Nicole Didyk, MD says
I’m sorry to hear that you had that experience with sharing information with some of your providers. It sounds like you’re proactive and engaged in your health care – that’s a blessing for most doctors!
It’s probably still a great idea to bring that info with you and offer ot leave a copy that they could scan into their file. Even if they don’t look at the info right away, it will be there when they need it.
Linda Meneken says
Excellent 10 point list Dr. Kernisan. As a physical therapist, I always have asked my patients for any pertinent past records for effective follow up in designing their future treatment program. It only makes good sense in comprehensive patient care.
Thanks again for a great topic of interest.
Nicole Didyk, MD says
I agree! I’m always happy when a new patient comes in with a folder with their past health information. Makes it so much easier to help when I have complete information.
Timothy Morgan says
I have a appointment with a new family physician in the upcoming months. A request of me for first appointment was to bring a list of two doctors I have had as my PCP in the last two years. I have chosen, for copious reasons, to see a large number of doctors due to: lack of professional manners (in my opinion), lack of proper care, rudeness, lack of notable interest in my questions, etc. The last physician I stayed with – for eight months. Preceding her, I was with my doctor for over two years. My question is: why would the newest physician ask for the names of my TWO previous physicians if in the last two years. Is it within her right to ask for records of both physicians? I have not had this request from any other doctor I’ve seen. Thank you.
Nicole Didyk, MD says
Hi Timothy. I’m not a primary care physician (I work as a Geriatrician in Ontario, Canada, where most Geriatricians are consultants who work with the family physician in a shared model), so it’s possible that there is something about primary care practice that I don’t understand that would make it important to know the previous doctors.
As Dr. Kernisan states in the article, it can be very helpful to know which other professionals have been involved in a patient’s care. For example, if I am seeing someone for chronic pain and they have already been seen in a specialized pain clinic, that might change my approach to the issue. I can think of a few other reasons why the new doctor might want this information, but it would just be speculation.
I am not sure that a physician could demand such information from a new patient, but in the interest of building a trusting relationship with a new care provider, a first step might be to ask the reception team or the office manager why that information is required.
Laurence Alter says
Dear Doctors:
It’s truly lovely to see such an attentive medical staff.

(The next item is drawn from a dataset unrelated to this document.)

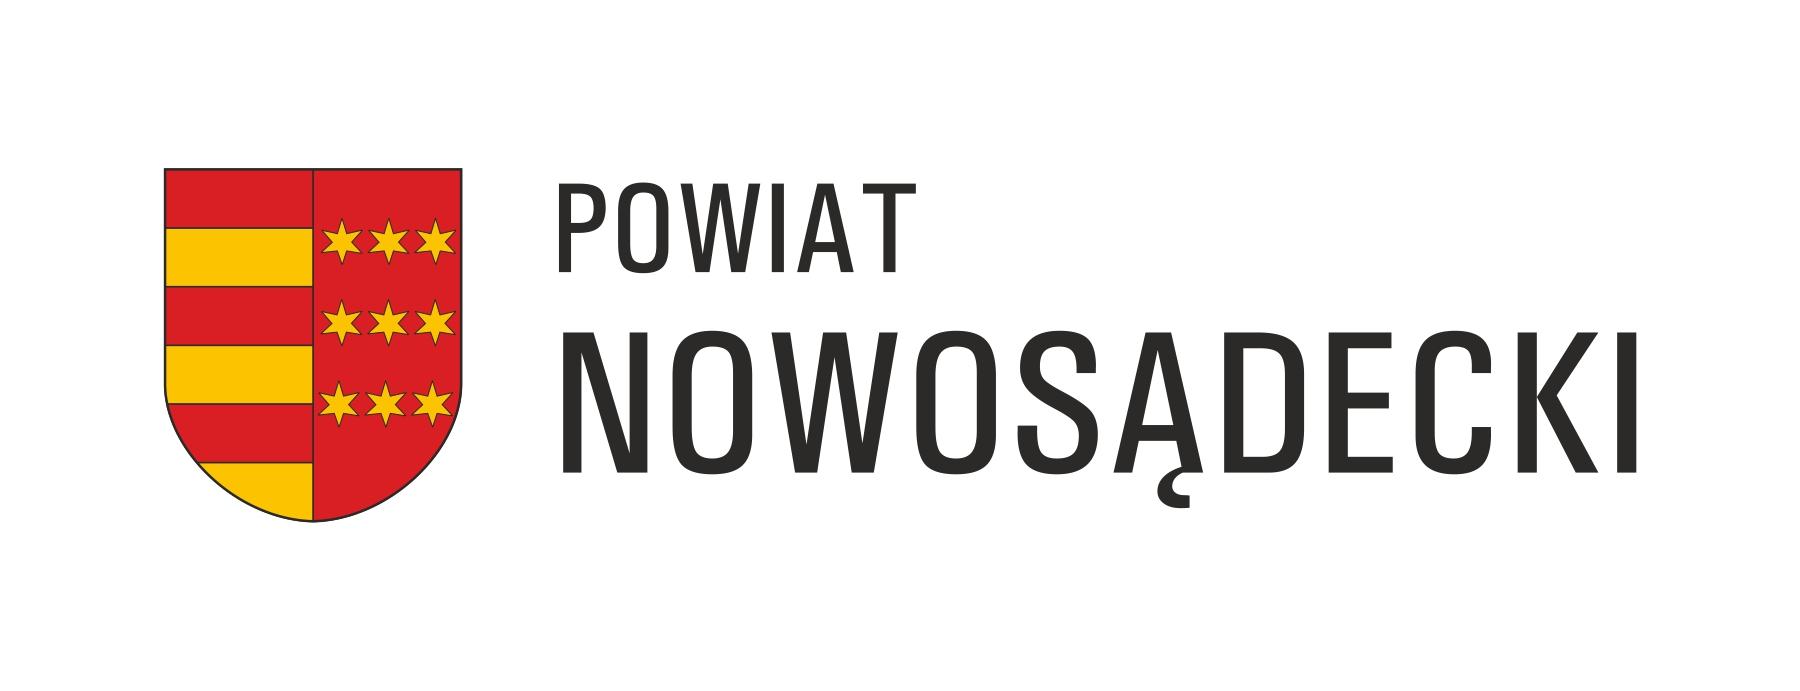 herb_powiatu_nowosadeckiego_z_napisem_po_prawej

I would not dream of receiving such a response, but it’s nice to see others reacted to.
Kit Hannigan says
Thanks for these really informative tips for establishing a working relationship with a new doctor! I especially liked how you explained that it is still imp=ortant to include major past problems that aren’t being treated anymore. My aunt recently moved to a new state following her divorce, and she has had a long bout with breast cancer during her youth. I’ll be sure to share this article with her so she can be better prepared when meeting with her new physician.
Amy Winters says
Thanks for pointing out that you should bring a list of the medications you take when you go to a new primary care doctor. My husband and I just moved to a new home, so I’m currently looking for a primary care doctor in the area. I take a lot of medications and don’t think I could list them all from memory, so thanks for reminding me that I should take a list to my first visit!